Informational interviewing can be a great way to put your communication, research, and interpersonal skills into practice for your job search.
You should not try to get a job during an informational interview but rather find out whether or not a particular position or employer might be a good fit for you. An informational interview with a contact from your network can be a great source of career information. In addition to basic information about a particular type of industry (such as you might find on a company website), it also offers you the benefit of a professional’s first-hand experiences and impressions.
Make a list of the biotechnology companies that operate in your area. Then, use professional organizations, LinkedIn, and other networking resources tools to identify people that you can connect with to request an informational interview.
Networking is a vital activity that can help you discover job leads, gain industry insights, and meet others in your field in Canada. And because many job vacancies are not advertised, people in your network can help you discover jobs in this “hidden job market.”
You’ll benefit by meeting other professionals, building relationships, and sharing information, You might even hear about job opportunities you wouldn’t have found online.
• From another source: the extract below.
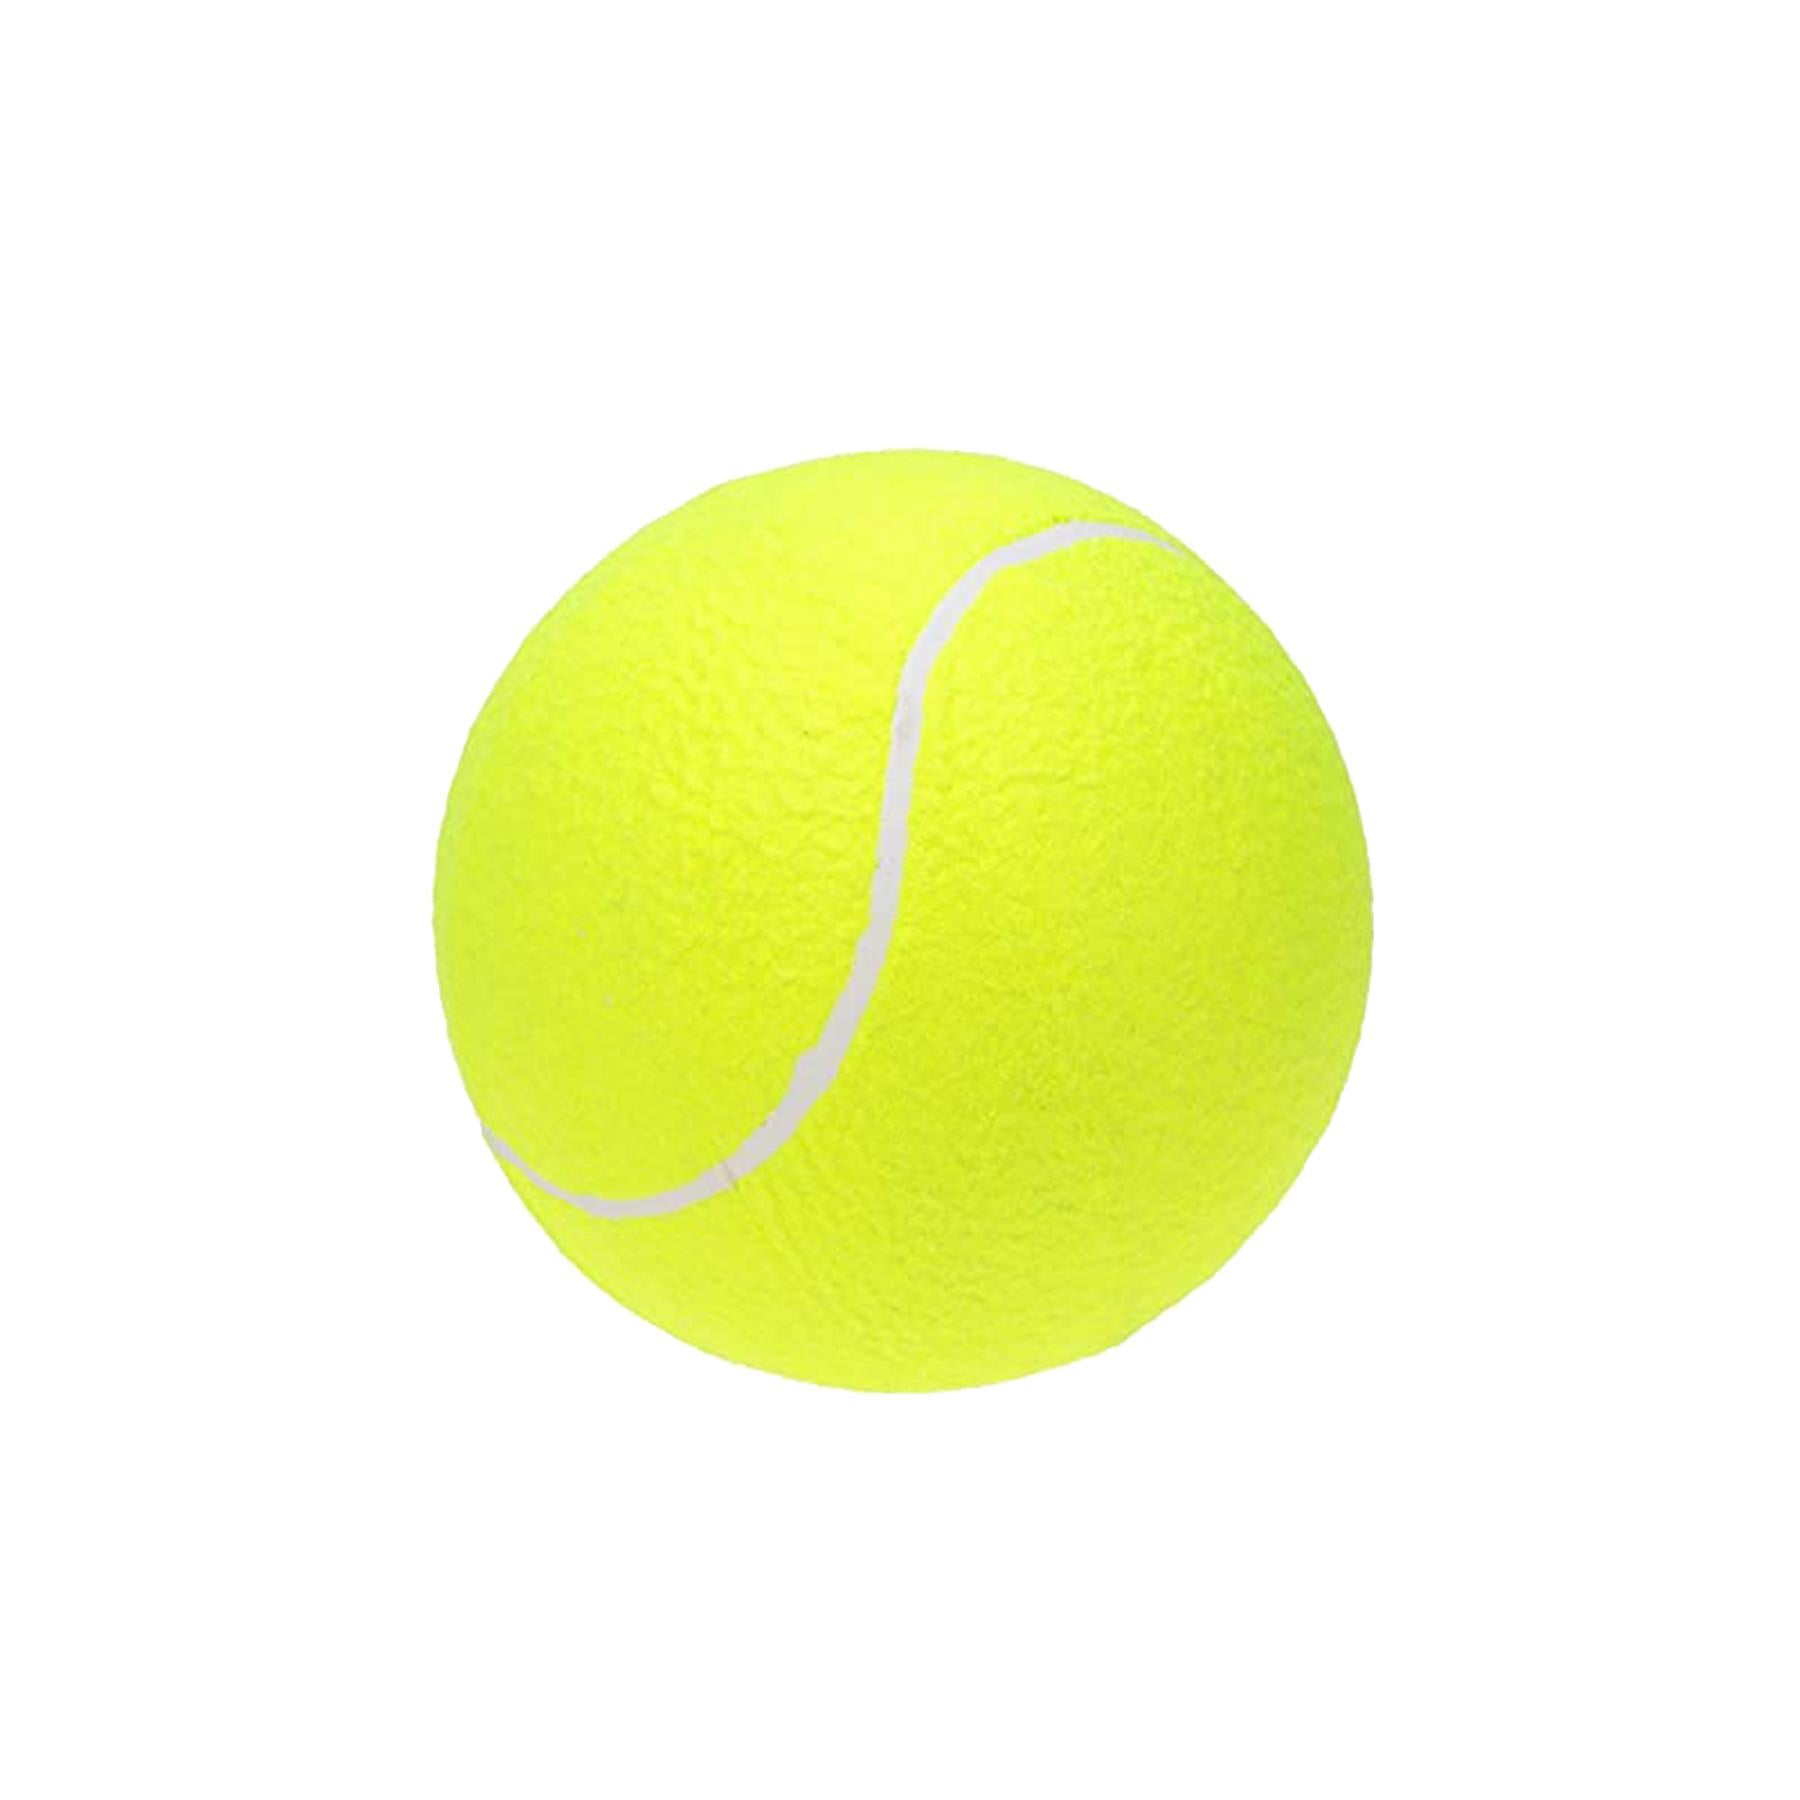 Giant Tennis Ball 24cm by The Magic Toy Shop - The Magic Toy Shop

Good places to network include conferences, professional associations, and online spaces such as LinkedIn. LinkedIn is a great site to reconnect with former colleagues and employers, search for companies and jobs that you have an interest in, and make connections with others in your field. You can also join related professional groups. But remember, you have to allow time to cultivate and grow the ties you establish through networking. Nothing will happen overnight and you need to be patient.
5. Biotechnology Association in Canada
BioTalent Canada is a national sector council that provides information about licensing and certification. It also offers professional development, education, networking opportunities, and resources.
You’ll find resources related to understanding the Canadian workplace, occupation-specific language skills, understanding of document use and critical thinking skills. The website also includes labour market studies and news to help you understand the industry in Canada, opportunities, and challenges.
Professional Immigrant Networks
Professional immigrant networks are organized, volunteer-run member-based associations or networks created by and for immigrant professionals that seek to:
- create a forum to contribute to and enrich their respective communities
- provide opportunities for their members to find meaningful employment and achieve their professional goals.
These associations offer networking events, mentoring, information sessions, professional development opportunities, and connections to jobs.